The most certain trumpet in this regard is the president’s long-term budget plans. Most notable is the decline in defense spending: While the administration is doling out buckets of cash for clunkers, auto and financial industry bailouts, and state government employment, the Pentagon is making “hard choices.” The White House is insisting on a 10-year freeze on military budgets. In practice, this means a 2 percent cut and explains the terminations of big-ticket programs like the F-22 aircraft. The ongoing four-year defense review will produce more cuts.
But Obama’s planning more than the usual “peace dividend”–which would be a disturbing idea anyway, because we’re fighting two wars. The administration’s defense cuts are paired with a tremendous growth in federal debt and entitlements. While military spending is restrained to 3 percent of gross domestic product for a decade, these other costs are unchained, rising to about 22 percent of GDP.
This looks like a major fork in the road in American history. We have, through our history, mobilized our economy to fight our wars, but with nearly a quarter of the economy taken off the table by these mandatory obligations, building an “arsenal of democracy” is going to be much tougher for the future.
Defense Secretary Robert Gates has often complained about “next-war-itis,” arguing that commitments in Iraq and Afghanistan are more pressing. “We have to win the wars we’re in,” he says. But if the Obama administration is making it harder to fight future conflicts, its willingness to pursue victory now is also in question.
Remarkably, the question being asked is not about Iraq–opposition to which war first helped to propel Obama to prominence in 2007 and 2008–but Afghanistan–candidate Obama’s “good war.” Doubts first surfaced during the administration’s initial “AfPak” strategy review. The current troop “surge” into southern Afghanistan seemed to quell the doubts, and the promotion of dynamic Gen. Stanley McChrystal to be the on-scene commander in Kabul ought to have laid them entirely to rest.

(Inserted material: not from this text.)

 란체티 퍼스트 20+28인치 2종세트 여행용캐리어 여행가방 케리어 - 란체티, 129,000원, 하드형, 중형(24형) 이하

But now that McChrystal has completed his initial assessment of the situation in Afghanistan, and has come to the conclusion that he needs further forces, the administration is wavering. Pentagon spokesman Geoff Morrell announced last week that the assessment has been delayed and, in any case, will not include a request for more troops. This may be simply bureaucratic prevarication while the White House negotiates a number with the commander; Obama has already frustrated those on the Democratic Left who want to get out of Afghanistan. But in the larger pattern of administration behavior, it begs the larger question: Does Obama have the will to win?
Taken together with the long-term defense and budget plans, the doubts mount further. It’s not just Neo-Conspirators like me: The recent Australian defense white paper spoke of a need to “hedge” against the decline of American military presence in the Pacific.
This is not an argument, as made by some in the pundit class, about an inevitable American decline. This is a worry about a choice our president is making–a choice being made with very little discussion of the consequences.
Thomas Donnelly is a resident fellow at AEI.